___ Input data ___
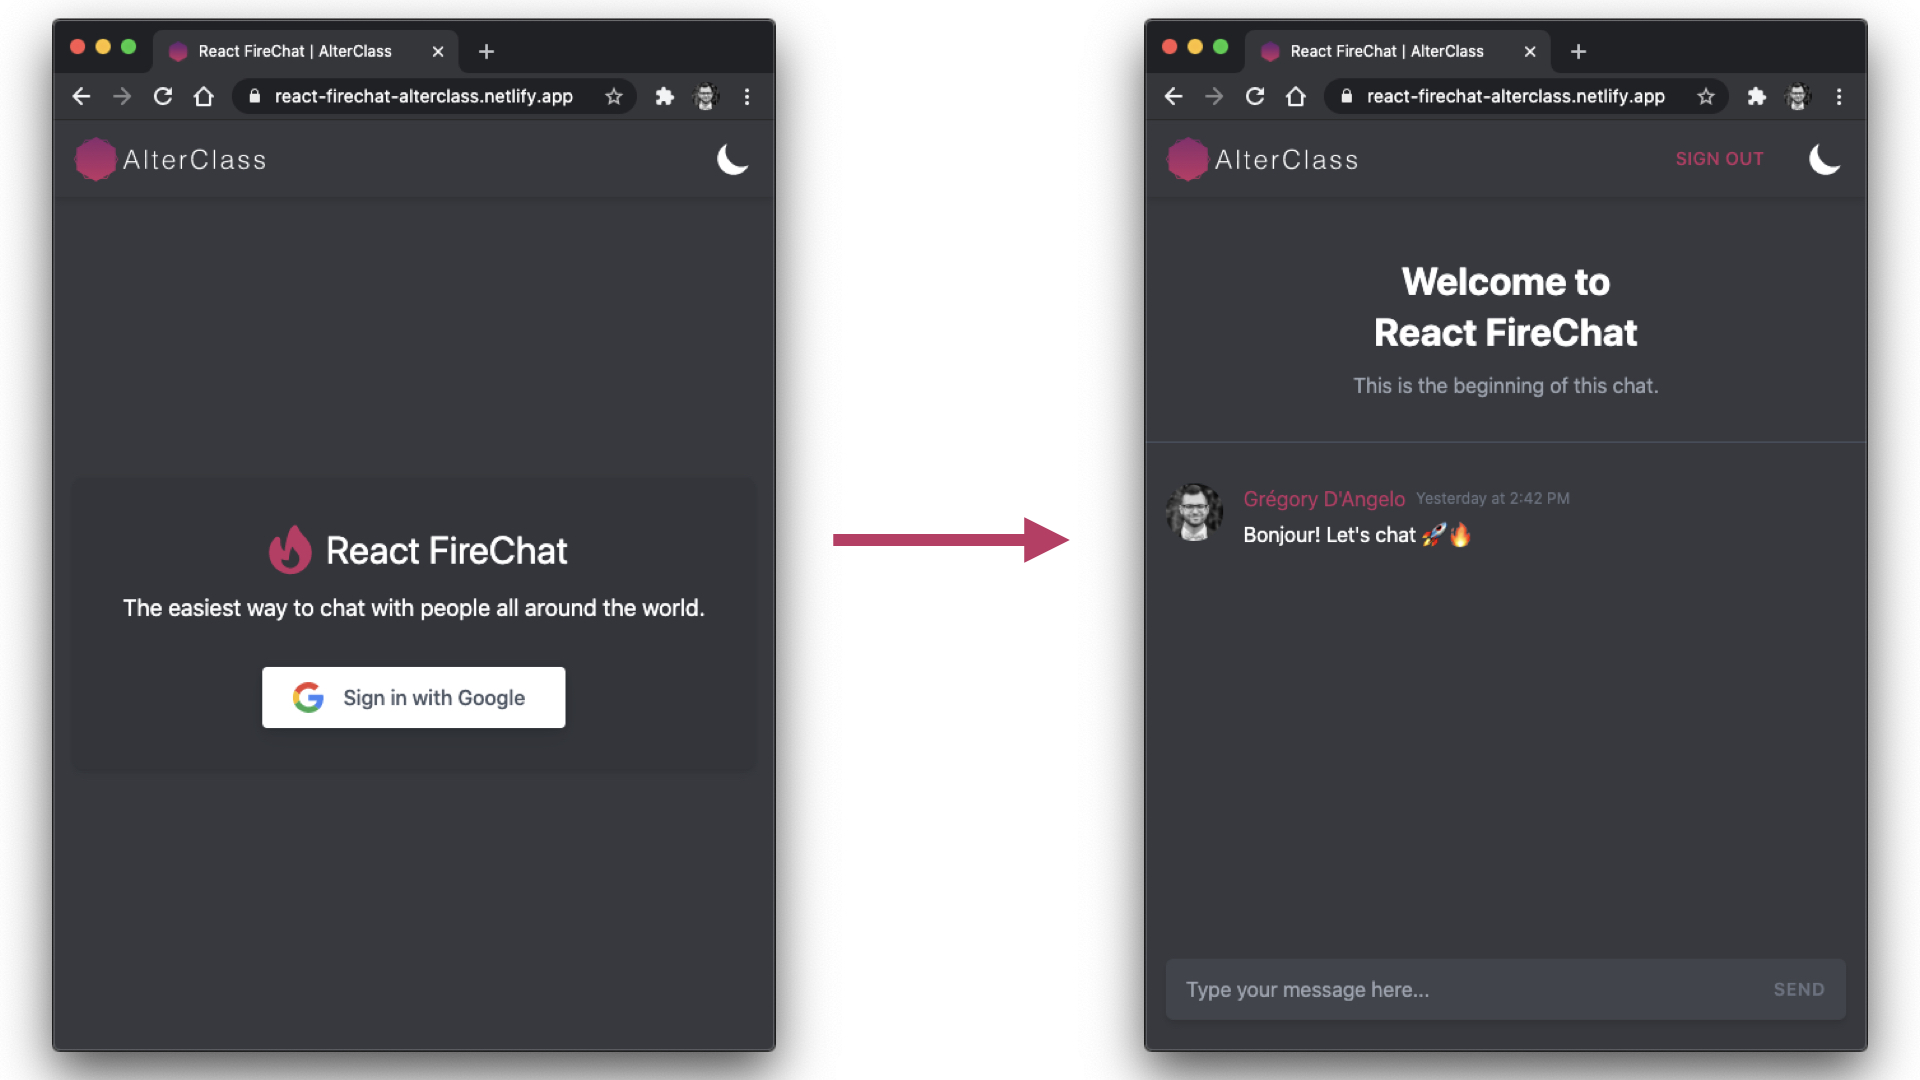 React Firebase App Views
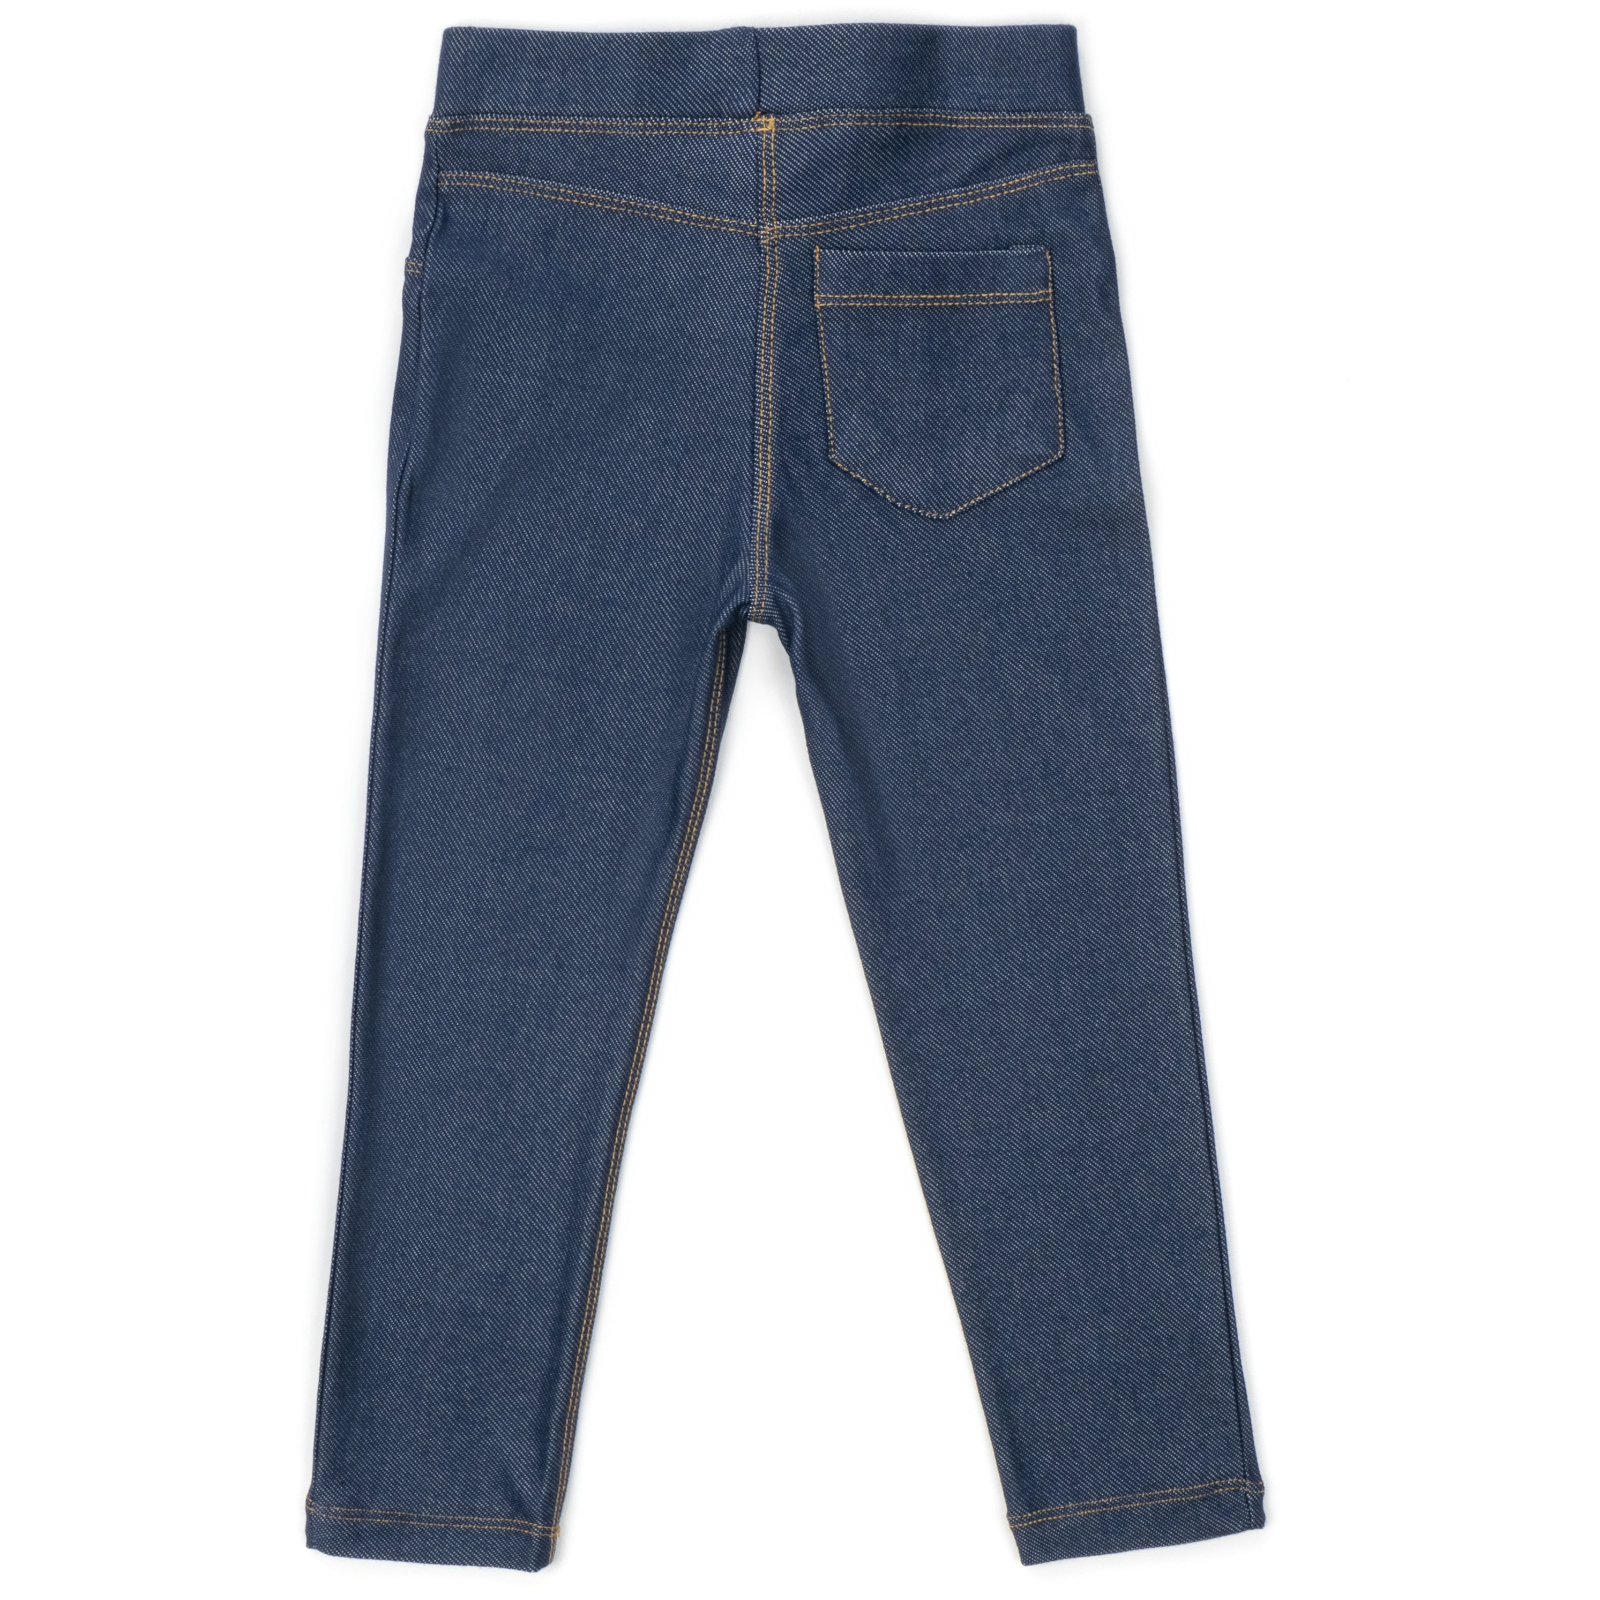 Лосины Breeze трикотажные (4416-134G-jeans) изображение 2
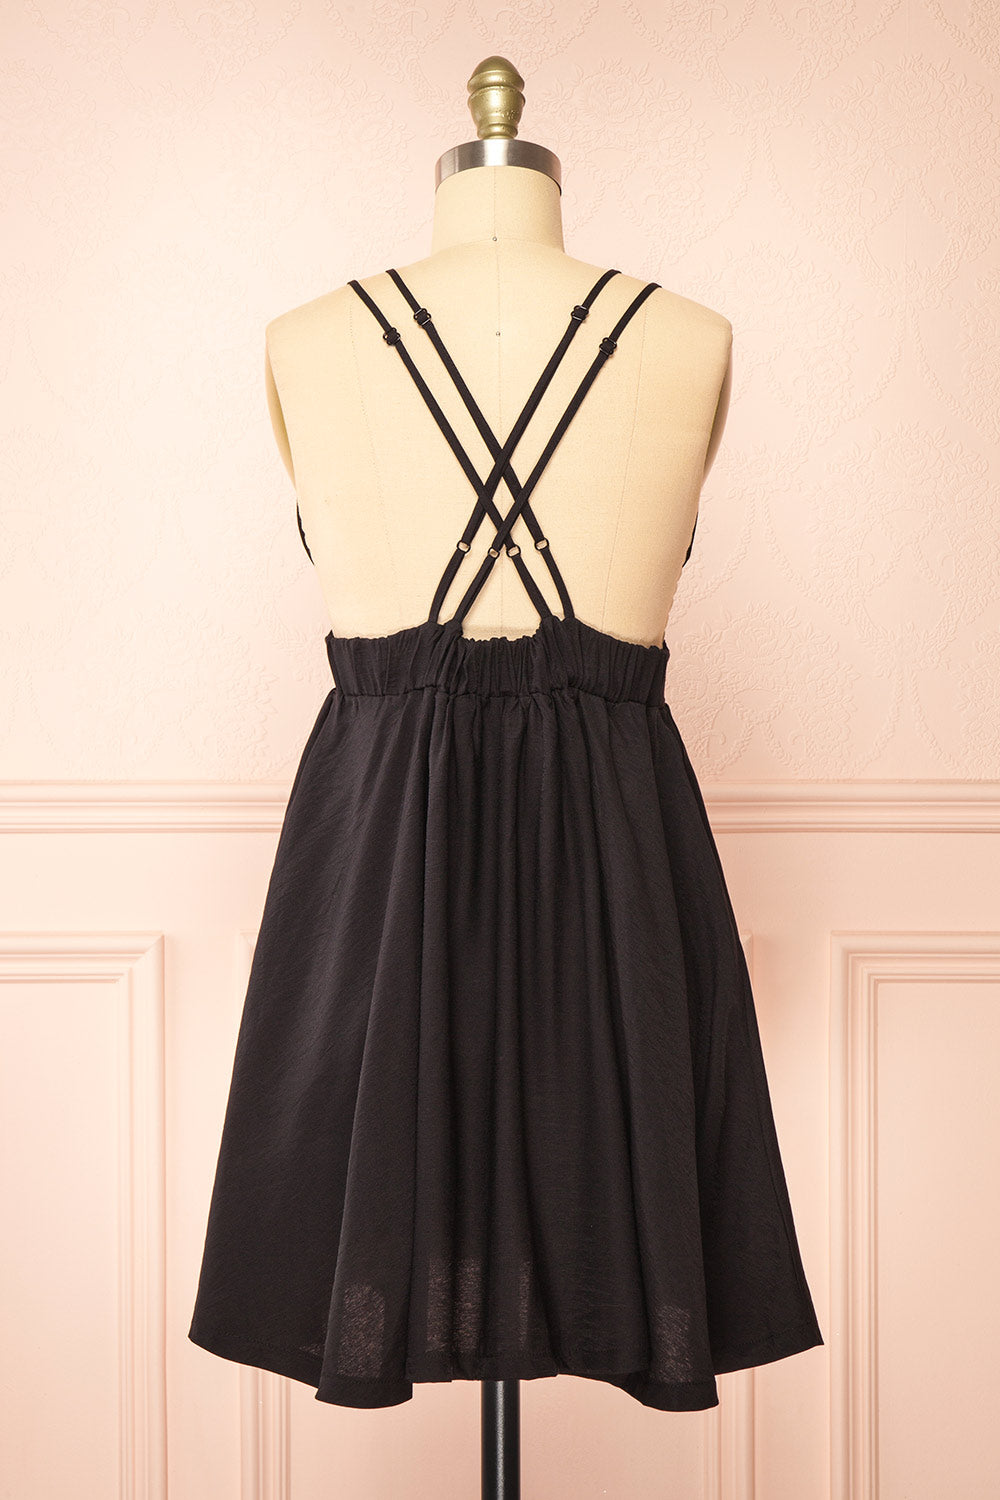 Tillie Short Black Plunging Neckline Dress | Boutique 1861 back view
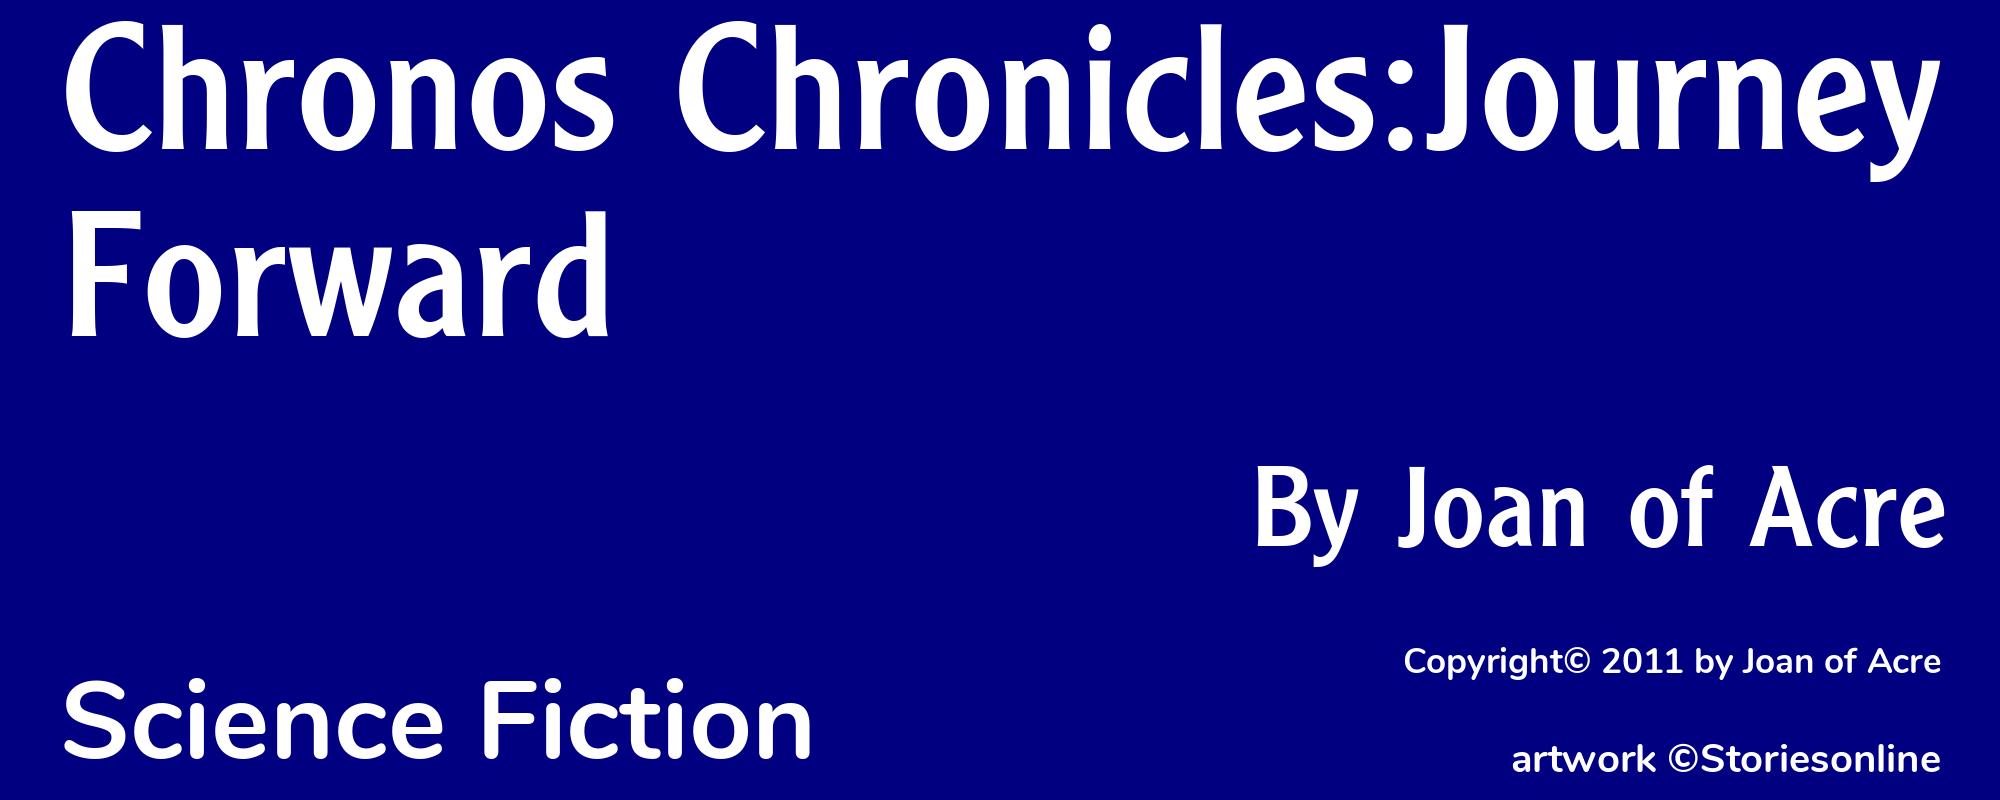 Chronos Chronicles:Journey Forward - Cover
___
> _Exercise goal_
An exact copy of the material above is required, free of any pictures.

> _Answer to the problem_
 React Firebase App Views
 Лосины Breeze трикотажные (4416-134G-jeans) изображение 2
 Tillie Short Black Plunging Neckline Dress | Boutique 1861 back view
 Chronos Chronicles:Journey Forward - Cover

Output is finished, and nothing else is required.